[comp.dcom.telecom] Unbreakable Dialtones

ap373@cleveland.freenet.edu (Pete J. Bowden) (02/06/91)

  I happen to have a multitude (14) of lines in my residence which
happen to be on a GTE GTD-5 switch and experienced the same trouble
which Singer mentioned, plus an added touch.  Occasionally when people
called my voice line they would hear me garbled. I called my house
once when this intermittent condition was occurring and the best way
to explain it was that the person on my phone sounded like Mickey
mouse.

  I had similar results with GTE, with them turning around and usually
not calling me to tell me that it had been "cleared" even though the
problem persisted.  After a while the phone repair people were getting
"annoyed" with me -- I would use much stronger words for how I felt
the phone company was treating me.  The repair person sent someone out
to my house and said it was INSIDE my house and that if I called in
again they would charge me some outrageous hourly rate to repair it.

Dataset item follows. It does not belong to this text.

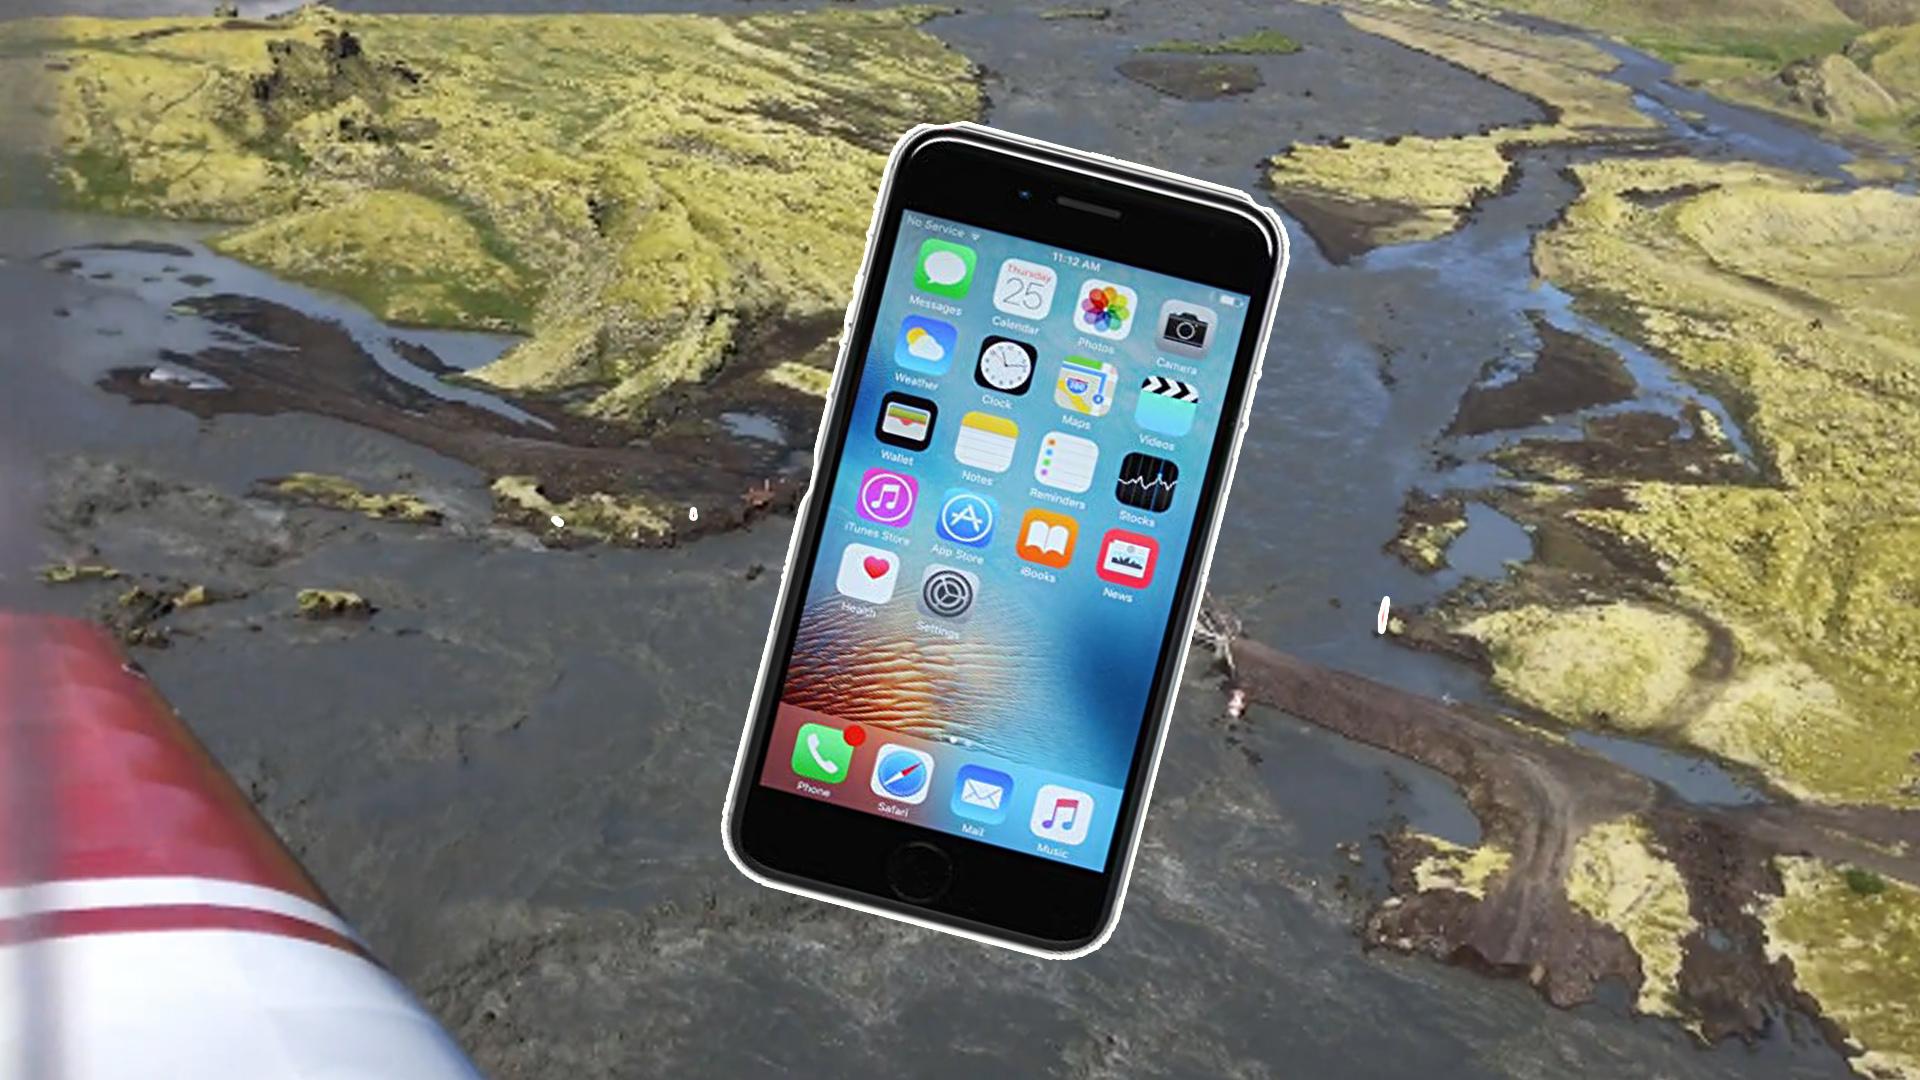 تجربة مريرة عاشها هاتف ipone 6s Plus لمدة سنة كاملة في البراري الأسيلندية بعد نجاتة من السقوط من علو 200 قدم

  I said it was similar to his problem so let me get back to that.  In
addition to me sounding like Mickey mouse to my callers I would
occasionally pick up the phone and be unable to break dialtone.  I
found out, however, that I could dial-pulse -- so I switched the phone
over to pulse and called my other line and low and behold I sounded
like Mickey coming out the one end.  Now then, when confronted with
this obnoxious repair person saying he was going to charge me I kept
picking up the line until I could not break dialtone and I dialed his
supervisor direct.  He heard me as Mickey mouse and realized it was a
real problem.

  A friend of mine installs GTD-5's and told me that it is the line
card which was bad -- so I told them to replace the line card when they
finally listened to me the problem went away.

rees@pisa.ifs.umich.edu (Jim Rees) (02/10/91)

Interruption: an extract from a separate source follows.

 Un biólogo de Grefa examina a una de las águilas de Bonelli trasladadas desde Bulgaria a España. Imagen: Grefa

In article <16717@accuvax.nwu.edu>, ap373@cleveland.freenet.edu (Pete
J. Bowden) writes:

> ... I called my house once when this intermittent condition was
> occurring and the best way to explain it was that the person on my
> phone sounded like Mickey mouse.

I'm familiar with the Donald Duck effect, which is usually caused by a
carrier system (ssb) demodulator being off-frequency.  But what kind
of fault could cause a Mickey Mouse effect?